Uht-oh. This is troubling. In the first of its kind study scientists have just discovered that adverse effects on the body from popular weedkiller RoundUp (glyphosate) carry over to future generations–and even get worse.
Think you are okay because you live in a city apartment and don’t need to use it? Think again. Remember that previous research has detected RoundUp/Glyphosate in a wide variety of processed foods sold at the grocery store (1, 2). Given this, a sizeable swath of the U.S. population is regularly putting glyphosate into their bodies. The U.S., as the data demonstrate, is a nation of people with serious chronic conditions–conditions that have been linked in numerous other studies to synthetic and industrialized chemicals of concern in our food, products and environment. Clearly we need more studies on glyphosate’s effects on the body–and the bodies of the grandchildren and great grandchildren of people who regularly used the weedkiller.
Researchers see health effects across generations from popular weed killer
and ‘Dramatic increases’ in several diseases
Researchers have found a variety of diseases and other health problems in the second- and third-generation offspring of rats exposed to glyphosate, the world’s most popular weed killer. In the first study of its kind, the researchers saw descendants of exposed rats developing prostate, kidney and ovarian diseases, obesity and birth abnormalities.

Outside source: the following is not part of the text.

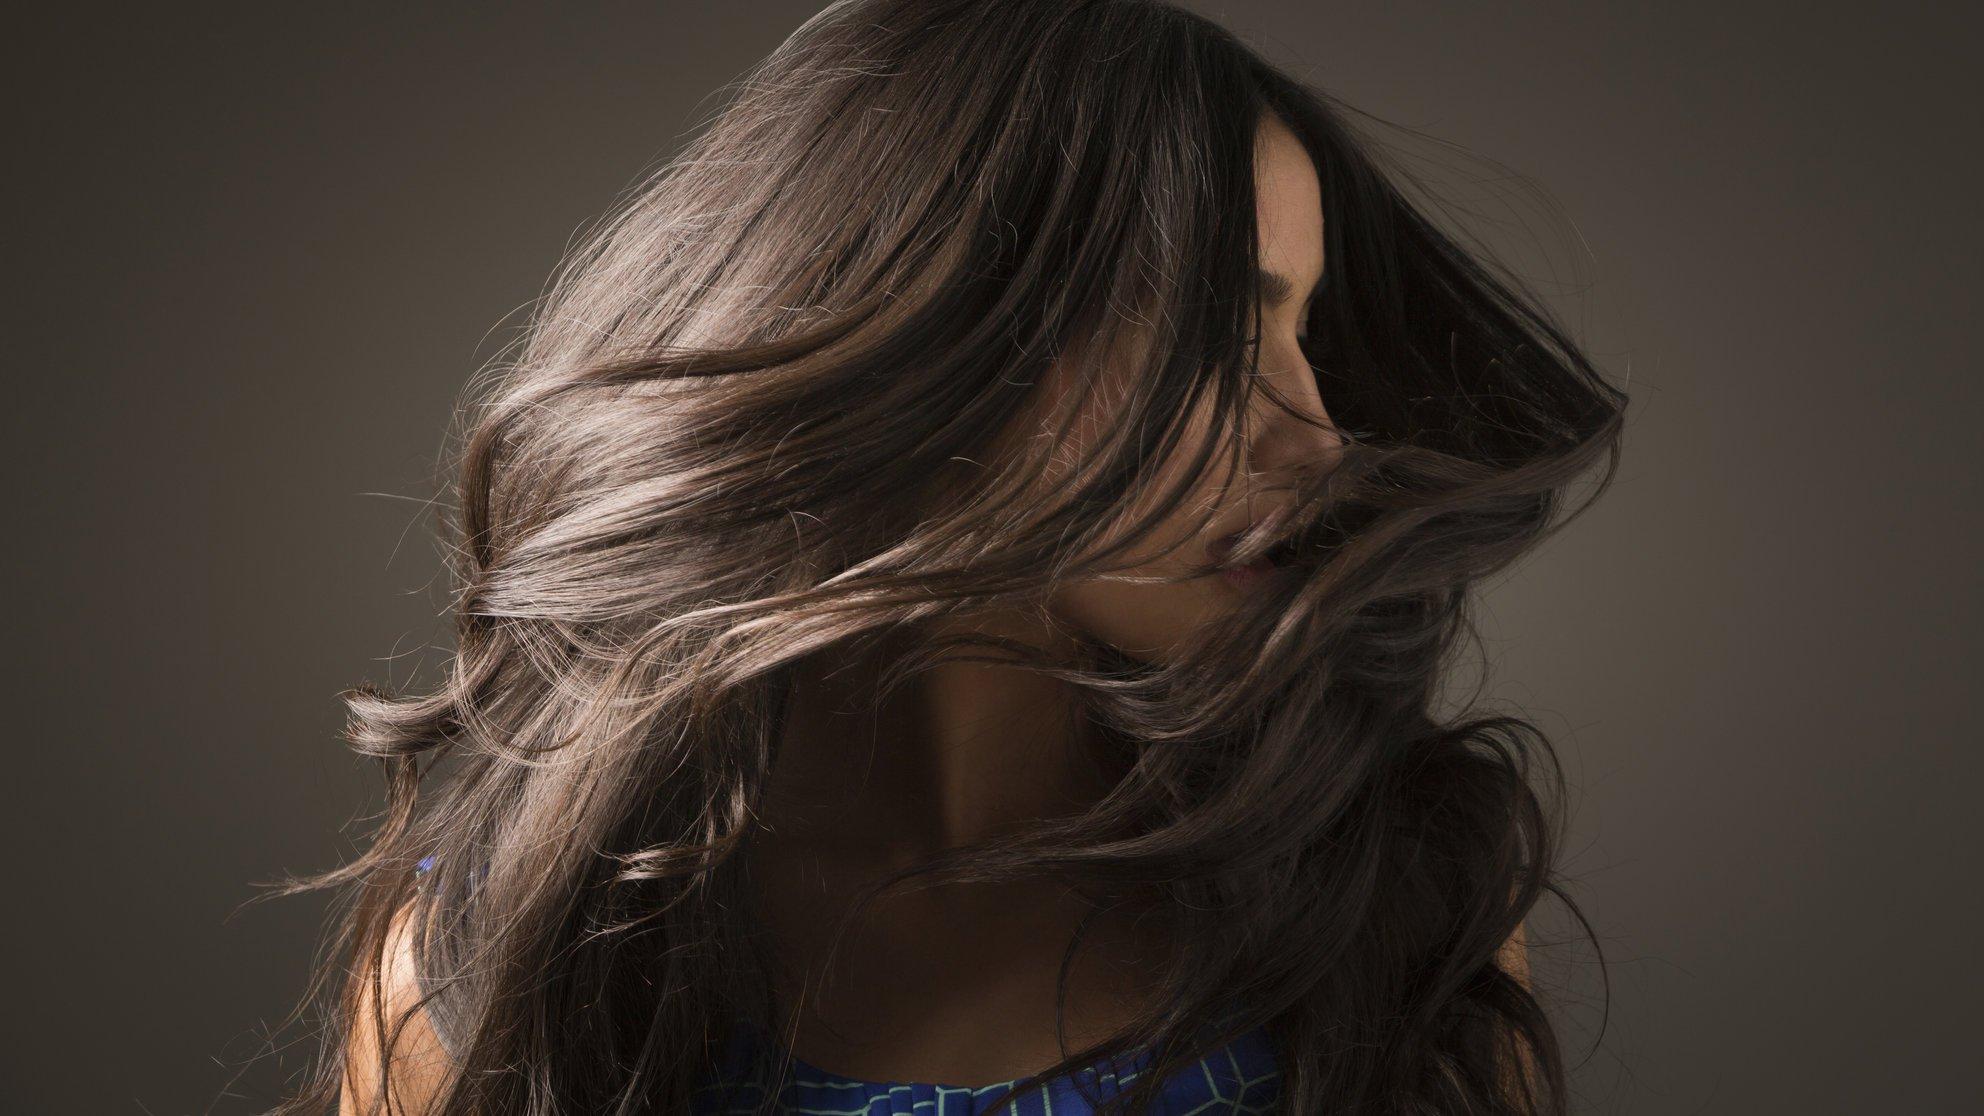 كيفية علاج قشرة الشعر الجاف

Scientists exposed pregnant rats to the herbicide between their eighth and 14th days of gestation. The dose — half the amount expected to show no adverse effect — produced no apparent ill effects on either the parents or the first generation of offspring. However, the researchers saw “dramatic increases” in several pathologies affecting the second and third generations…
The second generation had “significant increases” in testis, ovary and mammary gland diseases, as well as obesity. In third-generation males, the researchers saw a 30 percent incidence of prostate disease — three times the rate of a control population. The third generation of females had a 40 percent incidence of kidney disease, or four times the rate of the controls.
More than one-third of the second-generation mothers had unsuccessful pregnancies, with most of those affected dying. Two out of five males and females in the third generation were obese.
The adverse effects of RoundUp (glyphosate) where it skips generations and then reappears at dramatic levels is familiar to scientists. The same thing has been discovered in studies on the effects of fungicides, pesticides, jet fuel, the plastics compound bisphenol A, the insect repellant DEET and the herbicide atrazine. What occurs is epigenetic changes that turn genes on and off, often because of environmental influences.
Other recent scientific findings on RoundUp (Glyphosate)
A University of Washington study published in 2019 found the chemical increased the risk of non-Hodgkin lymphoma by as much as 41 percent. A Washington State University study published in December 2018 found state residents living close to areas subject to treatments with the herbicide are one-third more likely to die an early death from Parkinson’s disease.
Journal Reference: Deepika Kubsad, Eric E. Nilsson, Stephanie E. King, Ingrid Sadler-Riggleman, Daniel Beck, Michael K. Skinner. Assessment of Glyphosate Induced Epigenetic Transgenerational Inheritance of Pathologies and Sperm Epimutations: Generational Toxicology. Scientific Reports, 2019; 9 (1).